### [WORK TO COMPLETE]
Given these entries, repeat exactly the lines starting with the one that has "Do you have a dedicated working space? 💻" and going on through the one that has "#TroySage #Realtor #HomesForSale", both included, but none of the pictures.

### [DATA]
──────────────────────────────

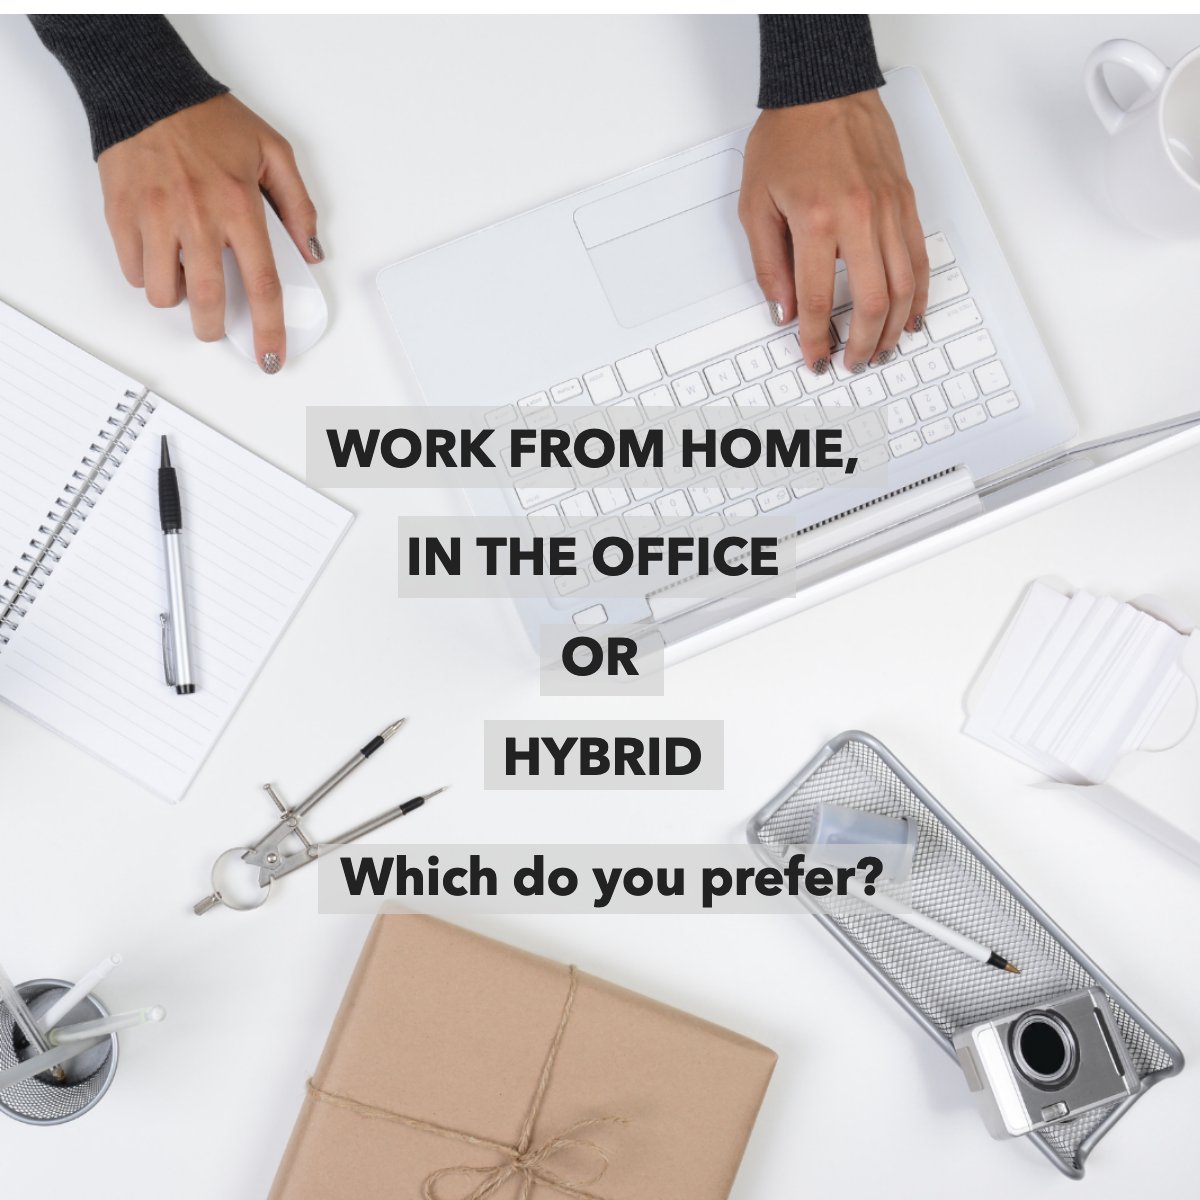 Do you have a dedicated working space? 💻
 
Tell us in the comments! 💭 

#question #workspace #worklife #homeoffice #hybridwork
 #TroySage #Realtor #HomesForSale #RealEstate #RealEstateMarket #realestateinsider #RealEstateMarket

──────────────────────────────

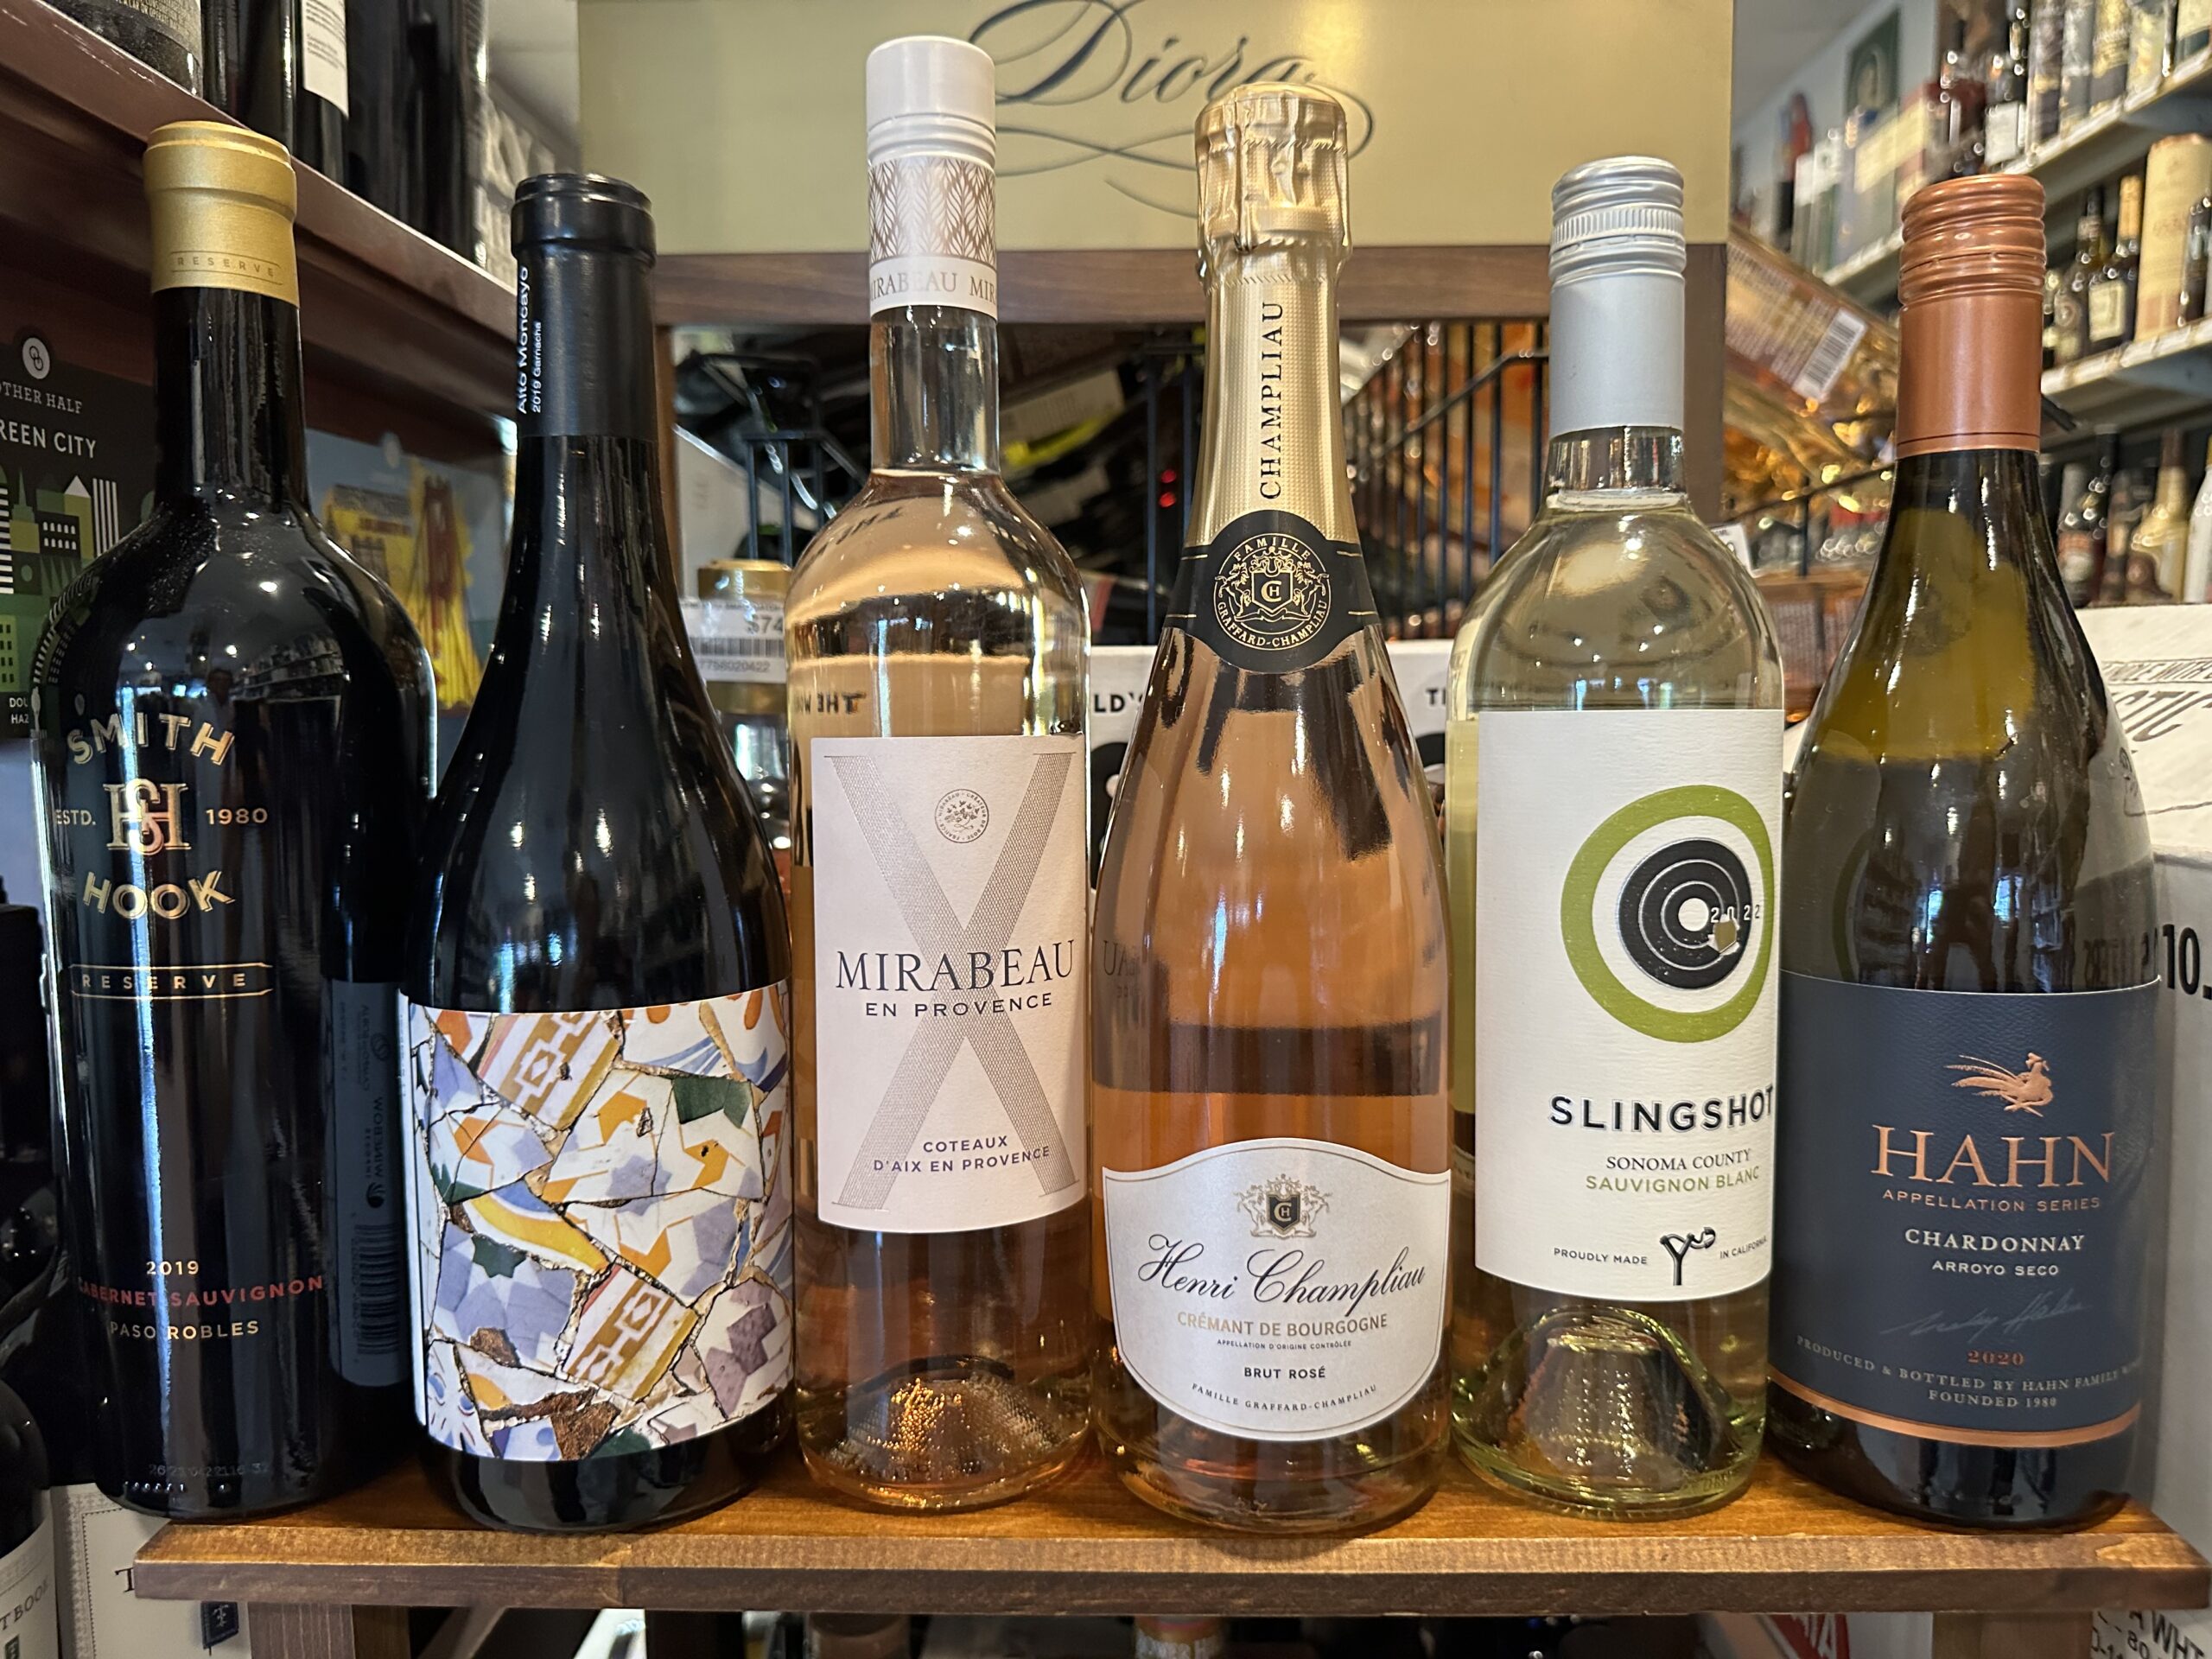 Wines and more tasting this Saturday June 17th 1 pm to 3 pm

──────────────────────────────

### [RESPONSE]
 Do you have a dedicated working space? 💻
 
Tell us in the comments! 💭 

#question #workspace #worklife #homeoffice #hybridwork
 #TroySage #Realtor #HomesForSale #RealEstate #RealEstateMarket #realestateinsider #RealEstateMarket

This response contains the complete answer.